Sunday, December 6, 2009

Birthday Girl Grown Up

Yesterday was a day of firsts.

Until yesterday, I had never woken up in Nashville and went for a run around the Grand Old Opry. I’d never watched my Gazelle run in a national cross country event and I’d never been so happy for my Sweetness, Matthew, whose writing was on display back in Columbia.

Until yesterday, I’d never turned 38. And until yesterday, I had never celebrated my birthday without my mom.

Thanksgiving marked the beginning of the “first” holiday season without mom. In my family, the holiday season has never just included Thanksgiving, Christmas and New Year’s. It is also our birthday season. I was born on December 5, 1971 and went home from the hospital three days later – on December 8th, my mom’s birthday.

As an adult, I never got tired of hearing the story about the night my mother went into labor with me. She had her first hint of labor in the evening, went to the hospital around 9 and I was born at 1:09. After we made it through my teenage years, she joked that raising me was almost as easy as giving birth to me.

The truth is that raising me was anything but easy.

At 26, my mom celebrated her birthday on a bitter cold day taking her second child home from the hospital. She never said so, but it must have been bittersweet. It was my grandpa who carried me into the house – his house. Divorced, pregnant and alone, my mother was forced to humble herself and had moved in with my grandparents. Despite my grandfather’s initial disappointment with her pregnancy, mom said my grandpa was smitten with me from the first moment he saw me. It was a feeling that would soon be mutual. My grandpa was my first hero.

In spite of all these less-than-ideal circumstances, mom always said I was the best birthday gift she ever received.

Eventually we moved out on our own and life went on. But as the years passed and things changed, one thing remained consistent – we always celebrated our birthdays together. As an adult, I came to realize that these days were especially meaningful because they brought a quiet celebration of life. I believe my mom celebrated my life – my happiness, my family and my faith – that brought her overwhelming joy and an incredible sense of accomplishment. I celebrated mom’s life as a symbol of selfless dedication and tireless love. She gave birth to me, raised me alone and later was willing to share me with my dad. Her conquering strength in the midst of her fear reminds me that she overcame difficult challenges that I’ve never had to even imagine.

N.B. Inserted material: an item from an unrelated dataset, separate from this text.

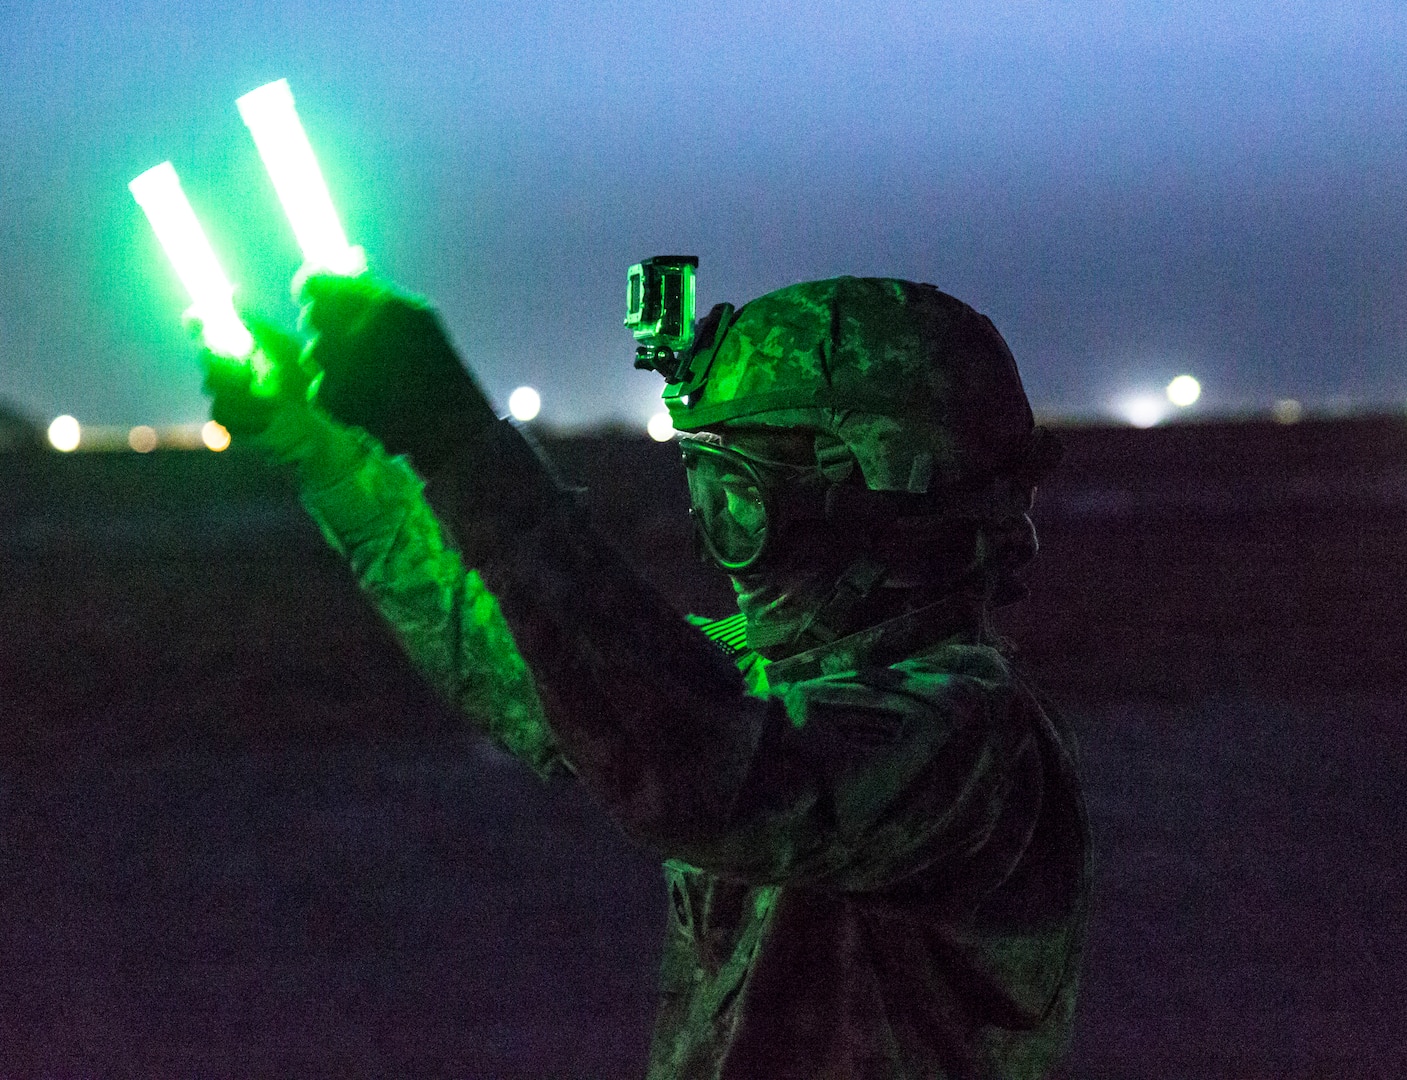 Sgt. 1st Class Joann Duclose, a senior human resources sergeant from the 642nd Aviation Support Battalion, flags in a UH-60 Black Hawk during night sling-load training with aviators from 3rd Battalion, 142nd Assault Helicopter Battalion, June 5, 2014, in Camp Buehring, Kuwait, during the battalion's 2014 deployment. Soldiers of the 642nd Aviation Support Battalion will deploy to the Middle East again in 2023.
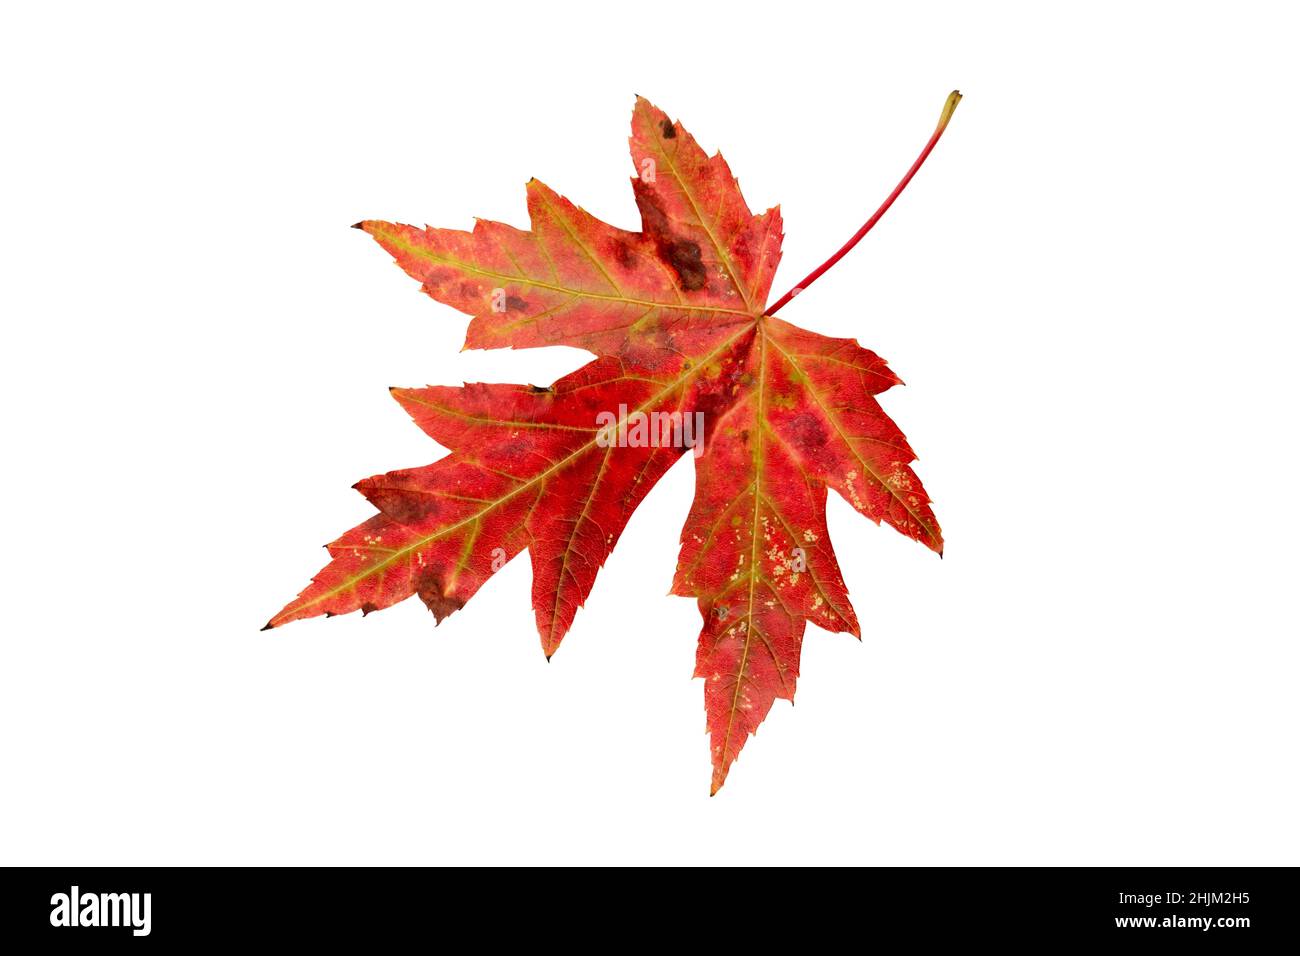 Silver maple or Acer saccharinum bright red autumn colored leaf isolated on white. Stock Photo

Although her body left her weak, my mom was a pillar of strength and love. It’s her legacy, one that lives in me, my children and hopefully all who knew my mother. I felt my mother’s joy in yesterday’s events. I thought of her as I felt the warmth of the sun on my face as Tom and I were running. I took joy knowing she would be so happy Prince Charming and I were enjoying the promise of the new day together. I yelled extra loud as my Gazelle ran a personal best, knowing her Grandma was willing her to the finish line from heaven. And I thanked God and talked to my Sweetness about accomplishments that don’t come easy, making their success all the sweeter.

Today I was reminded that mom’s life may have come to an end but the beauty she left behind is magnificent. It was a great day filled with birthday wishes and the making of new memories.

As we grow older, we often do or say things that cause us to realize we are turning into our parents. According to this letter I received yesterday, I guess that’s true for me too. And on my first birthday without my mom, it brings me happiness and peace.

Happy Birthday! I hope that today is wonderful and a real joy. I know it won’t be the same without Grandma here, but like you said, it’s part of our new routine and so it will get easier.

But today, without Grandma, I want you to know you make things easier. My Grandma is gone yes, but you are almost a “spitting image.” No, you don’t make every church dinner, wash my grapes separately or wash my tennis shoes every time I go outside. But those are grandma things that I would only ever expect my Grandma Vi to do. But in other ways I see her, through you. When I tell you I got an A on a test and you yell for joy and look at me like I’m the prettiest star in the sky. That is Grandma through and through. When I’m sick and you call every thirty minutes to make sure I’m drinking liquids, I can only help but smile.

You care for your church just like Grandma, always trying to make a difference in some one else’s life. You seem to be the one all of your friends go to when they are experiencing something tough or difficult and need advice, love, and the promise of a prayer. I’m pretty sure that was Grandma too, because that phone was ALWAYS ringing!!

You are loving, kind and gentle. I love you and I know you love me more than words can describe. You are my role model, the one I wish to follow. Thank you. Because you are beautiful in every way.